When my loan turned sour, he transferred all assets of the Russian to another Cypriot company beyond my reach – quite without my consent as “owner”. He refused to even hand over the physical shares of the now worthless companies I was supposed to own according to his trust declaration as quoted above.

Not surprisingly any meaningful explanation of what had happened was refused citing “client confidentiality” – never mind that I was supposed to be a client myself. The Cypriot on-shore companies involved did not even produce balance statements for many years. Accounts should have have explained how I was defrauded and how the law was violated in favour of someone who had just paid better, if with my money.

When minimum formalities are not respected and good practice is flouted, the legal façade of what represents a company and its residency will become porous.

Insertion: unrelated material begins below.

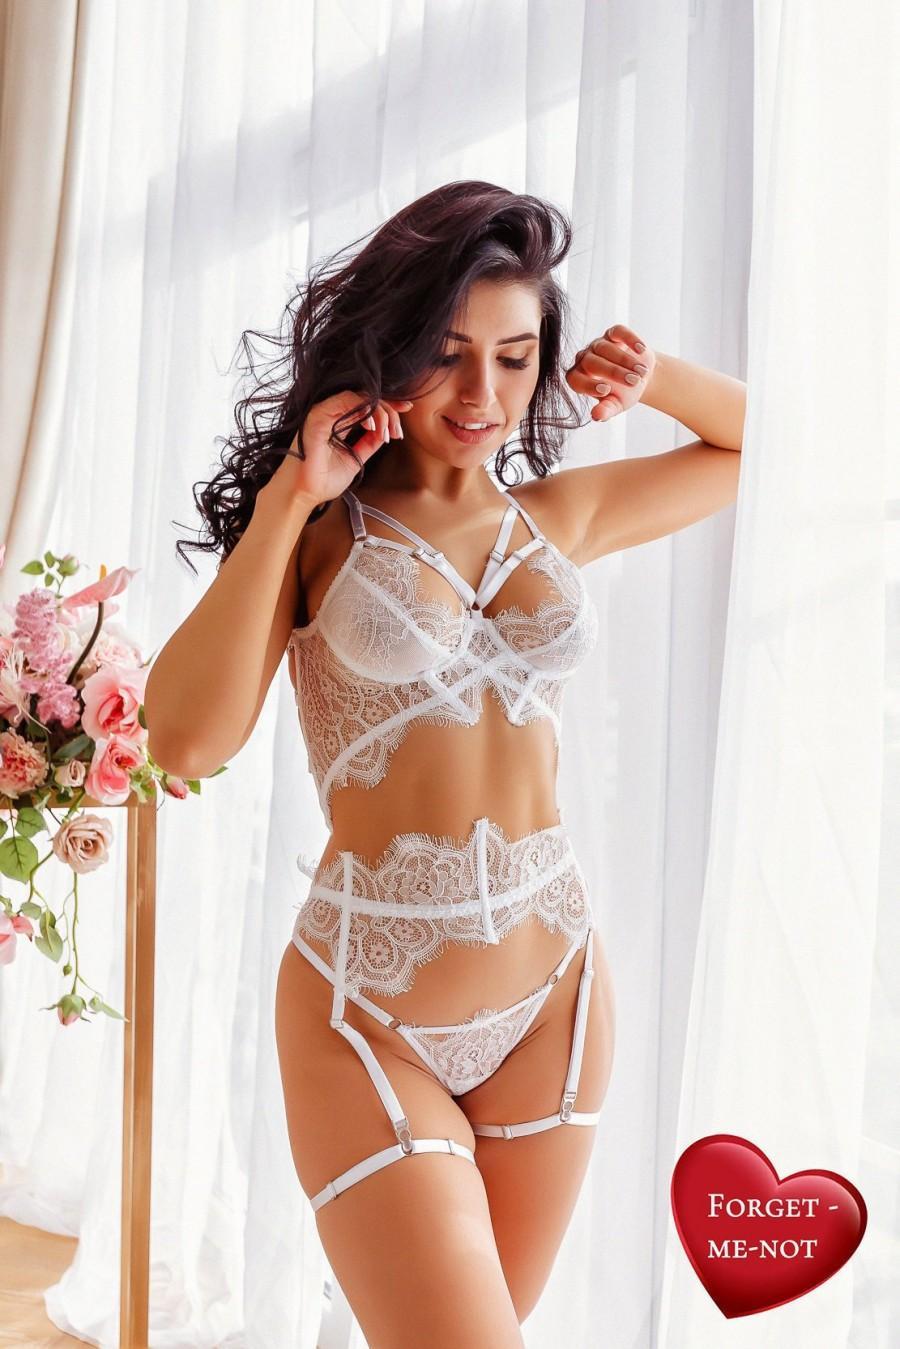 Свадьба - Bridal Lingerie Set, Wedding Gift, White Lace Lingerie, Gift for Bride, Garter belt, Sexy Bra, Lace Thong, Sexy Lingerie, Honeymoon lingerie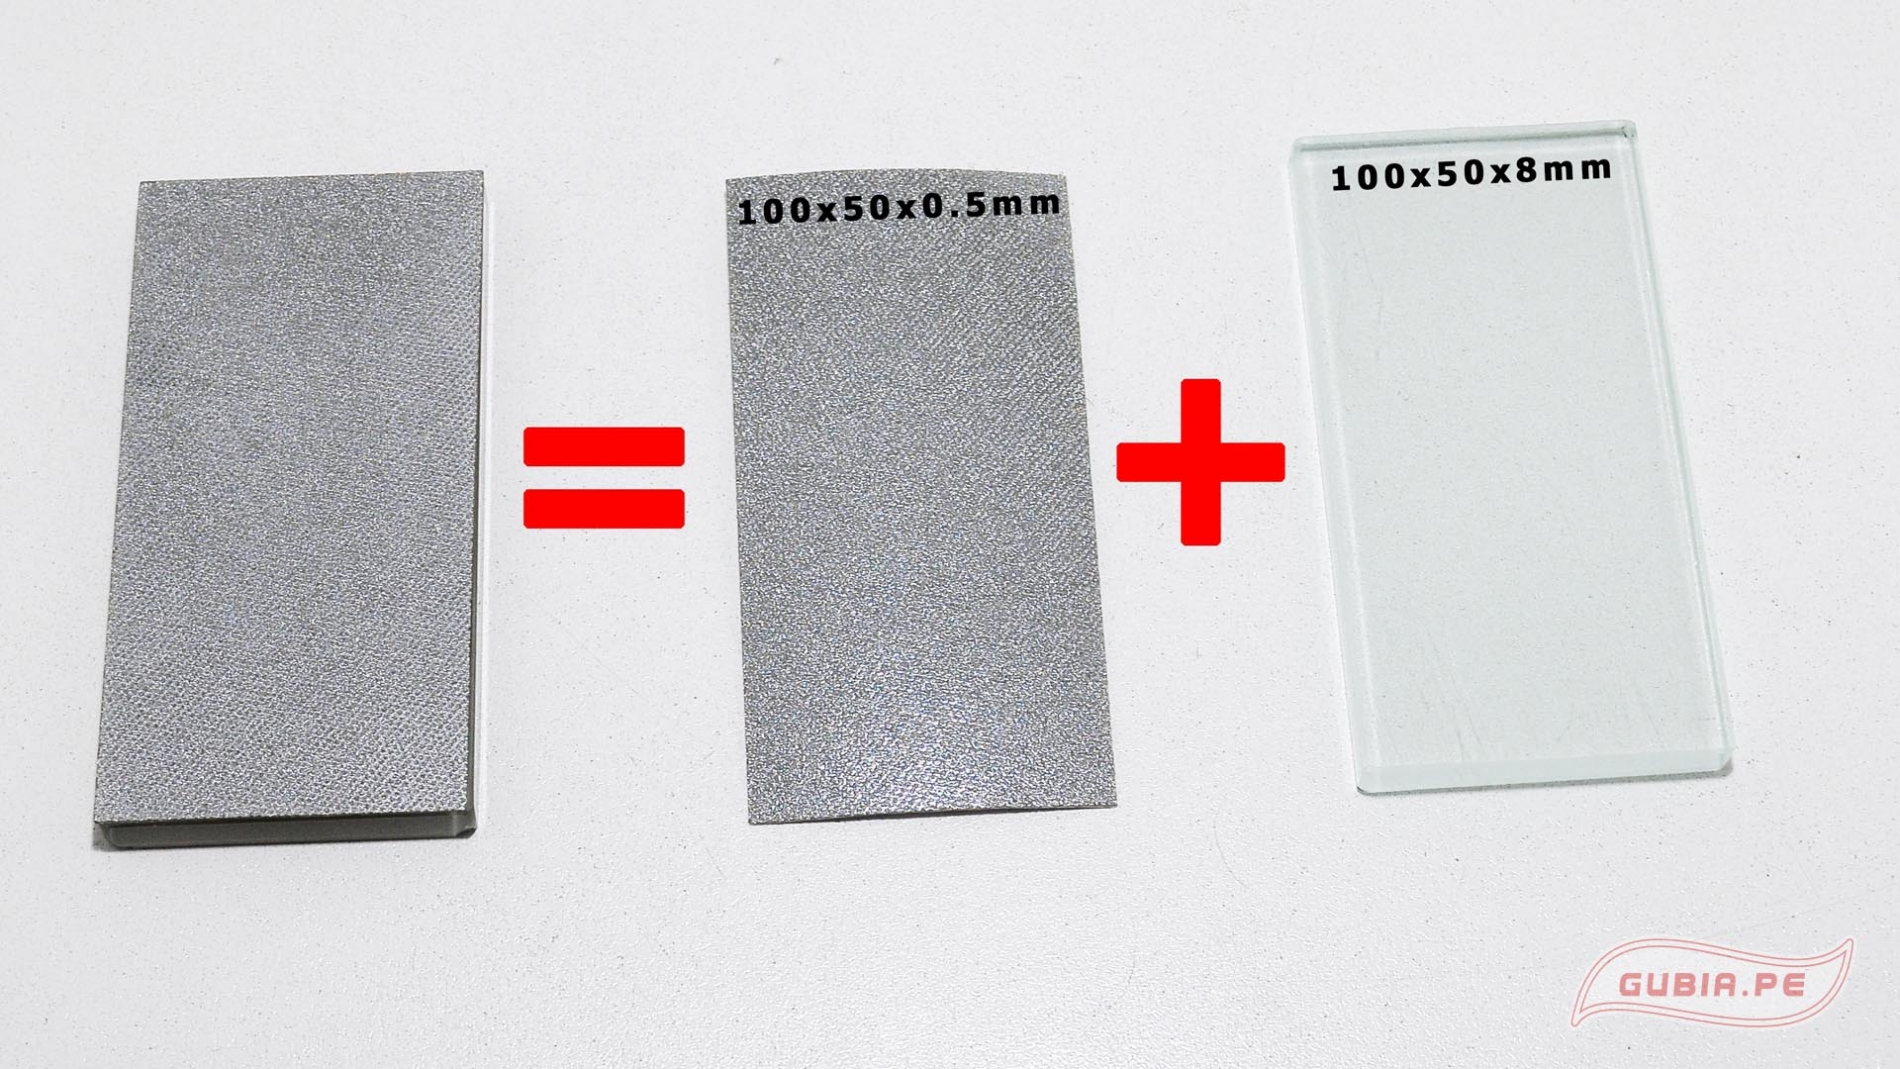 AtomaS140-Aplanador de piedras diamantado 100x50 grano 140 AtomaS140-max-2.

We retail investors may face financial consequences as tax authorities all over the world will be in a position to attack such arrangements, on-shore and off-shore.

Because paper companies are either real, then their trustee directors and trustee owners are legally responsible for what they are doing. Or they are a fake, and all the clients of trust companies – the anonymous beneficial owners – are deceived and cheated.

To apply utmost care in formal detail, in execution and compliance is therefore of paramount importance for our own fiduciary business in Malta, if we want to keep it alive. The emperor’s new clothes have to consist of at least a thong, or he’s naked.

Andreas Weitzer is an independent journalist based in Malta. He reports on the economy, politics and finance. The purpose of his column is to broaden readers’ general financial knowledge and it should not be interpreted as presenting investment advice or advice on the buying and selling of financial products.